Il éclata en un rire nerveux et rauque, tel que doit être celui des damnés; la princesse elle-même en ressentit un vague effroi:
—Vous m'avez dit le nom de la victime, exclama-t-il; eh bien, voulez-vous que je vous dise, moi, celui du délateur?... Prononcez plutôt une autre parole, celle que j'ai sollicitée à vos genoux, et le nom de Rainier Gentil remplacera sur la liste d'écrou des fosses du Louvre celui de Jacobus de Pavanes...
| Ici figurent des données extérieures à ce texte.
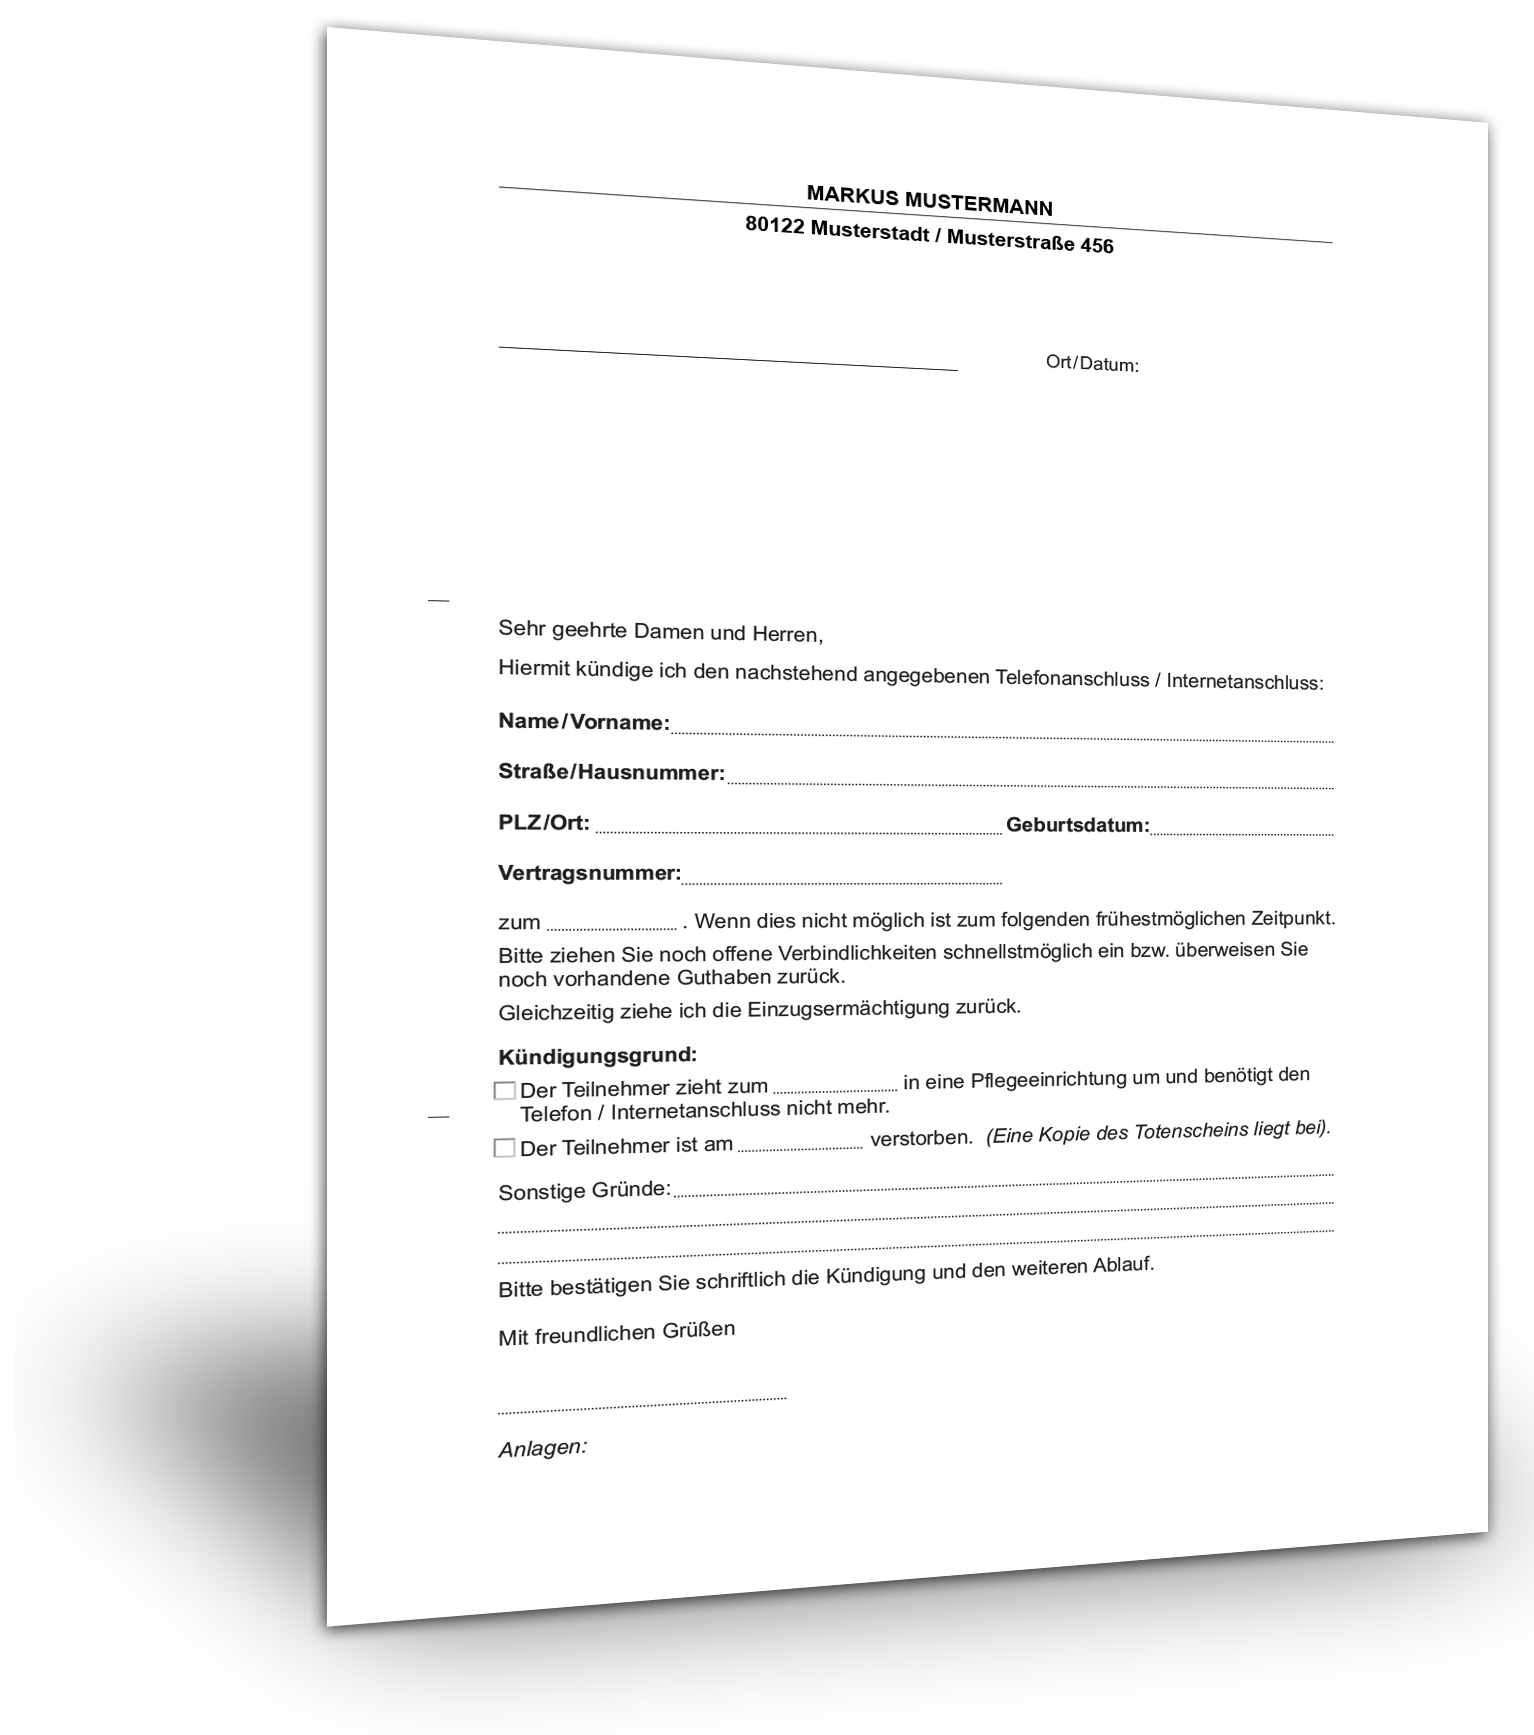 Kündigung Telefoninternet Muster Gratis Download
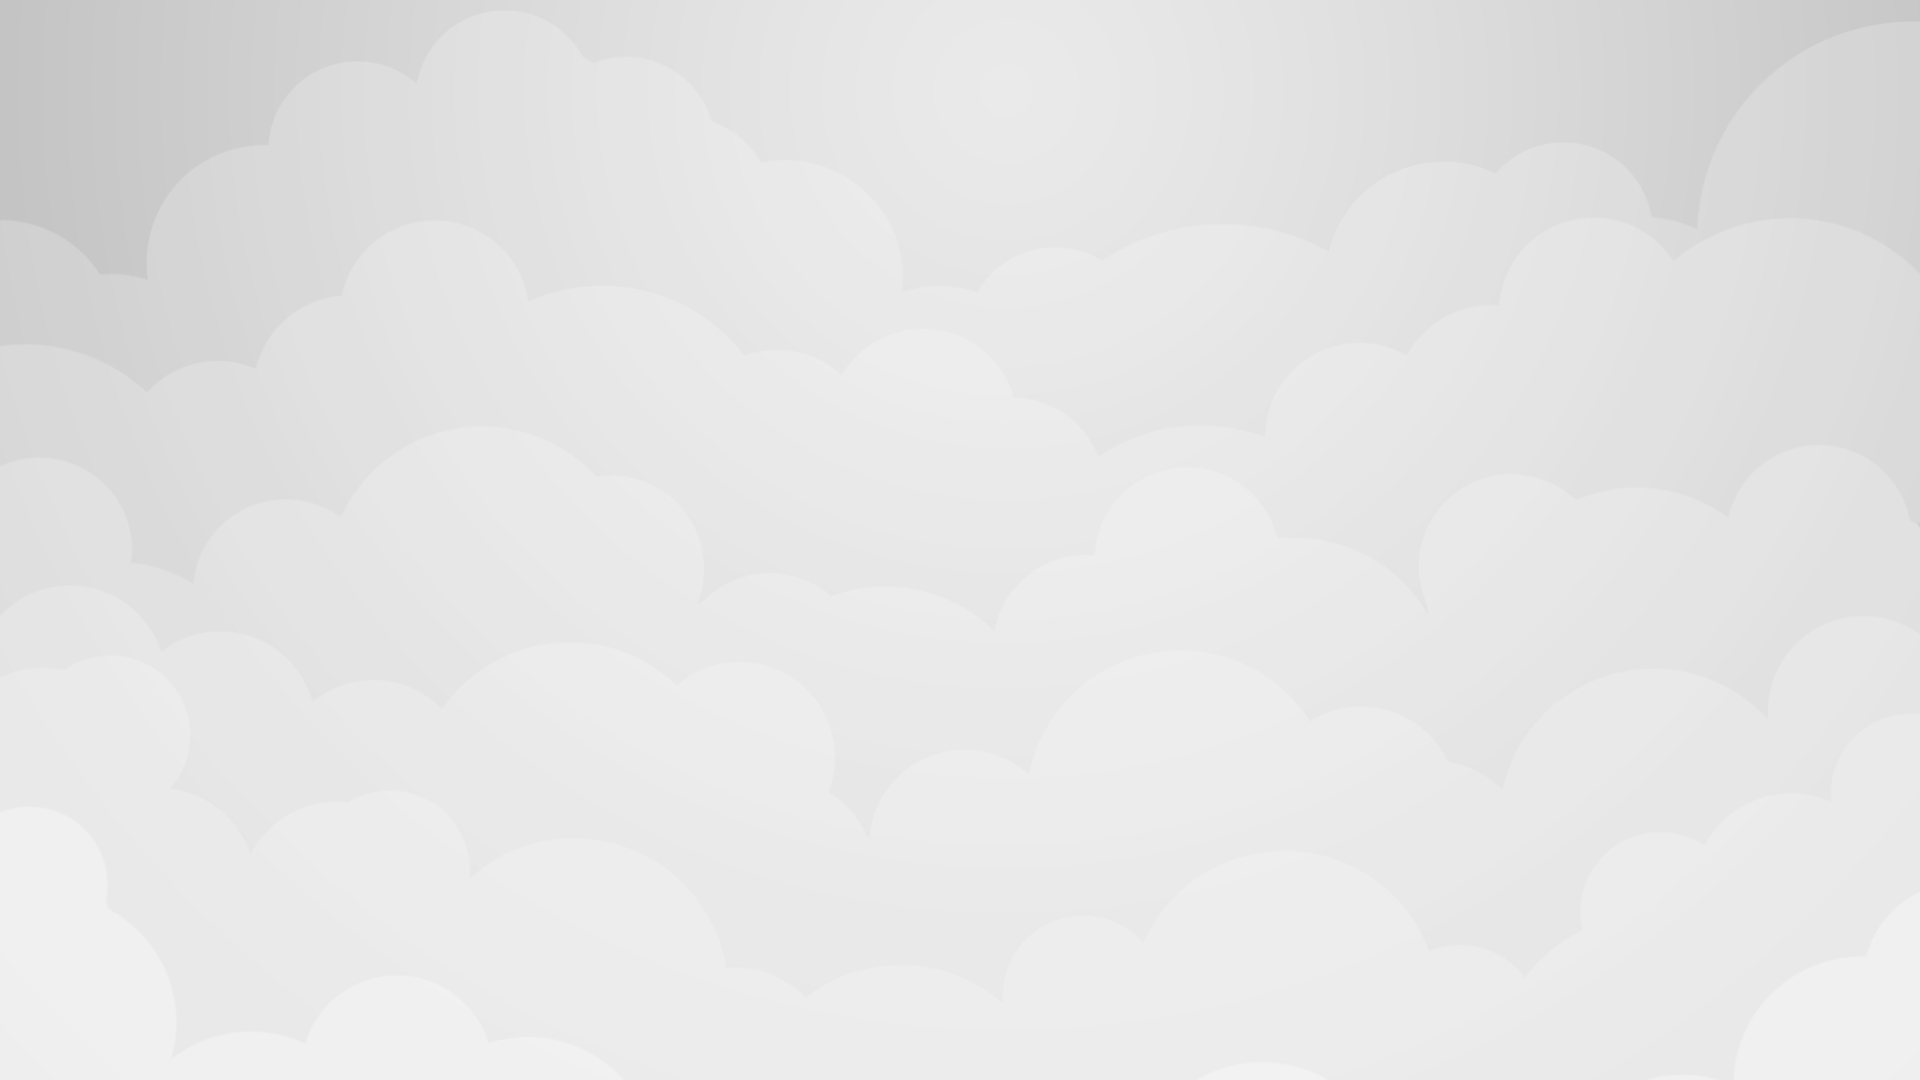 iphone 100 release date

—Infâme!... s'écria la princesse; vous osez espionner et insulter la sœur de votre roi!...
Le lecteur a tout compris, sans nul doute: le monstre suspendu à la fenêtre de l'oratoire de la princesse avait reconnu dans un des deux hommes masqués admis en sa présence le traître Rainier Gentil, et avait tout dénoncé à Duprat.
Ce Rainier Gentil était Italien de naissance; il était conseiller aux enquêtes, et secrétaire du baron de Semblançay; c'était lui qui, vendant son maître, avait soustrait dans son chartrier les pièces faisant foi de son innocence, pour les donner à Antoine Duprat.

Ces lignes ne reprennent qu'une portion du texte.